Alex Colás previews an important meeting
From the 1934 explosion at Gresford colliery in Wales which took the lives of 266 miners, to the catastrophic collapse ten years ago of the Rana Plaza garment factory outside Dhaka, Bangladesh, killing 1,134 mainly female workers, this Friday’s International Workers’ Memorial Day (IWMD) commemorates those who’ve died at or from work, and reminds us of the continuing struggle for workplace health and safety.
Together with construction, ship-breaking and mining, agriculture is among the world’s most hazardous sectors. According to the International Labour Organisation, “at least 210,000 agricultural workers are killed by accidents each year”, which proportionately constitutes a threefold higher risk than workers in other sectors. If we add to this the estimated 56 million workers engaged globally in highly dangerous capture fisheries and aquaculture, and 22 million employed worldwide in food and drink manufacturing, the agri-food sector emerges as a focal point for occupational safety and health.
On Friday, the recently-established Food and Work Network will meet in Sheffield to discuss worker organisation across the agri-food chain in the UK and beyond. The coincidence with the IWMD is timely for a number of reasons. First, because the ordinary, everyday practice of food consumption often hides the challenging work environments that produce all the components going into millions of daily meals across the country – including of course the labour of drivers, cooks, cleaners, supermarket and hospitality staff, among others.
During the pandemic, food-related jobs were consistently among the top ten occupations hardest hit by Covid-related deaths. Though perhaps not as debilitating as the ‘invisible’ workplace killers like asbestos, dust or fume inhalation, food workers still face a multitude of everyday hazards ranging from occupational asthma caused by excessive exposure to flour dust, to kitchen scalds and burns.
More recent investigations by Emilianio Mellino from the Bureau for Investigative Journalism report working, living, and pay terms and conditions among immigrant labour on British farms supplying fruits and vegetables to the big supermarkets that recall Chicago’s meatpacking district a century ago. These conditions were powerfully narrated in Upton Sinclair’s novel The Jungle: poorly paid, precarious, physically demanding work undertaken by non-unionised migrants that is compounded by cramped, cold and unsafe living conditions in on-site caravans.
The invisibility of food workers across the supply chain, and the physical marginalisation and concealment of their workplaces and stations means we all-too-often disassociate food price and quality at points of consumption from occupational safety and health at sites of production.
Linked to this are the obstacles placed in the way of unionising food workers across the supply chain. The IWMA reminds us that a safe workplace is a unionised workplace, but employee segmentation, insecure contracts, unsocial hours, high staff turnover and union-busting corporations all complicate extending this collective insurance across the food sector.
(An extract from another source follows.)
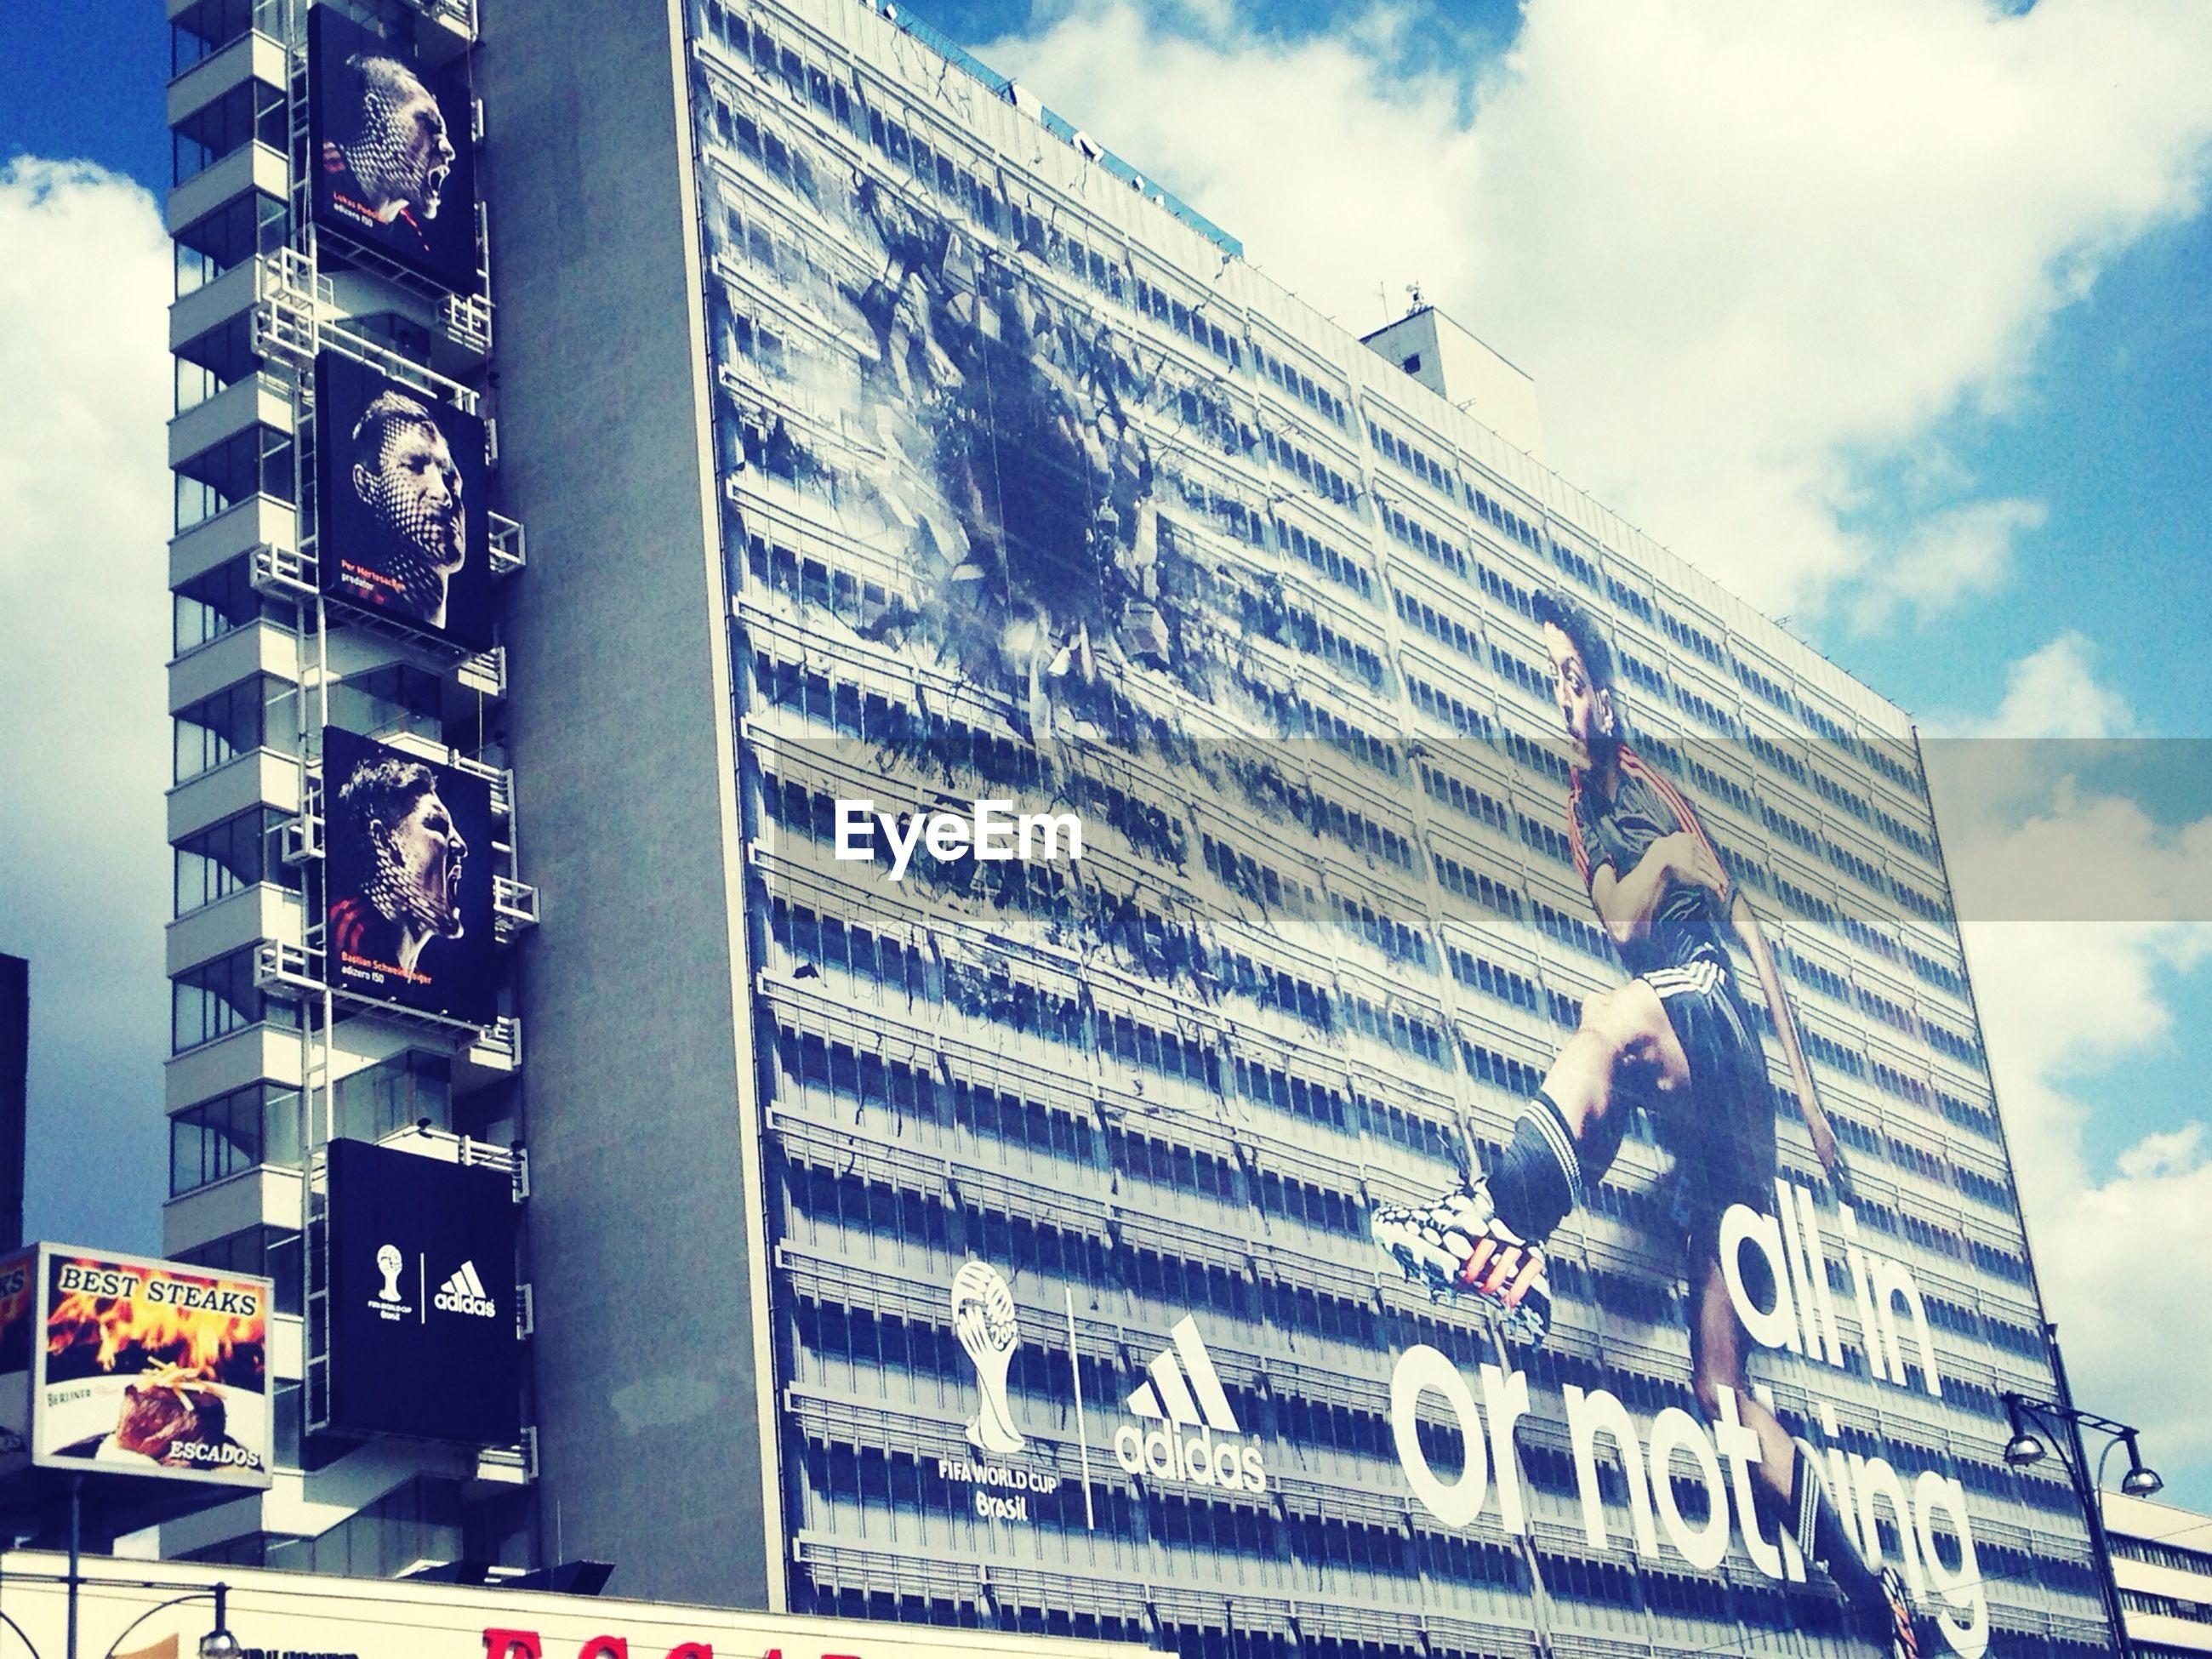 low angle view, architecture, building exterior, built structure, sky, city, building, modern, office building, city life, day, blue, outdoors, sunlight, text, western script, men, cloud - sky, cloud

In the face of these challenges, the UK’s Bakers, Food and Allied Workers Union (BFAWU) understood the importance of whole-chain organisation when it led the national McStrike campaign in late 2017 for union recognition, the end to zero hours, and a significant pay uplift for food workers. Importantly, that campaign directly addressed sexual harassment in the industry as a pressing workplace health and safety issue, which the hospitality sector has only recently responded to through an employers’ checklist and action plan that nowhere mentions union representation.
Workers’ health and safety concerns do not of course stop at the end of a working day. Housing, transport, recreational time and facilities, and access to affordable, nutritious and culturally diverse food every day of the year all affect the health and wellbeing of working families. Food deserts, high transport and energy costs, lack of residual time outside work and other household labour can all lead to stress, poor diets, high blood pressure, interrupted sleeping patterns, and ultimately mental health problems which present outside the workplace but are closely connected to daily working patterns.
These aspects of the everyday economy are acutely experienced by food workers across the sector, from the seasonal fruit and vegetable pickers mentioned earlier to the bar and restaurant staff working long and late shifts. As the labour movement across the world commemorates IWMD this Friday, those who work to produce our daily necessities like food should be at the forefront of our action and organisation.
Alex Colás is a member of Brent Central Labour Party, and co-convenor of the Food and Work Network.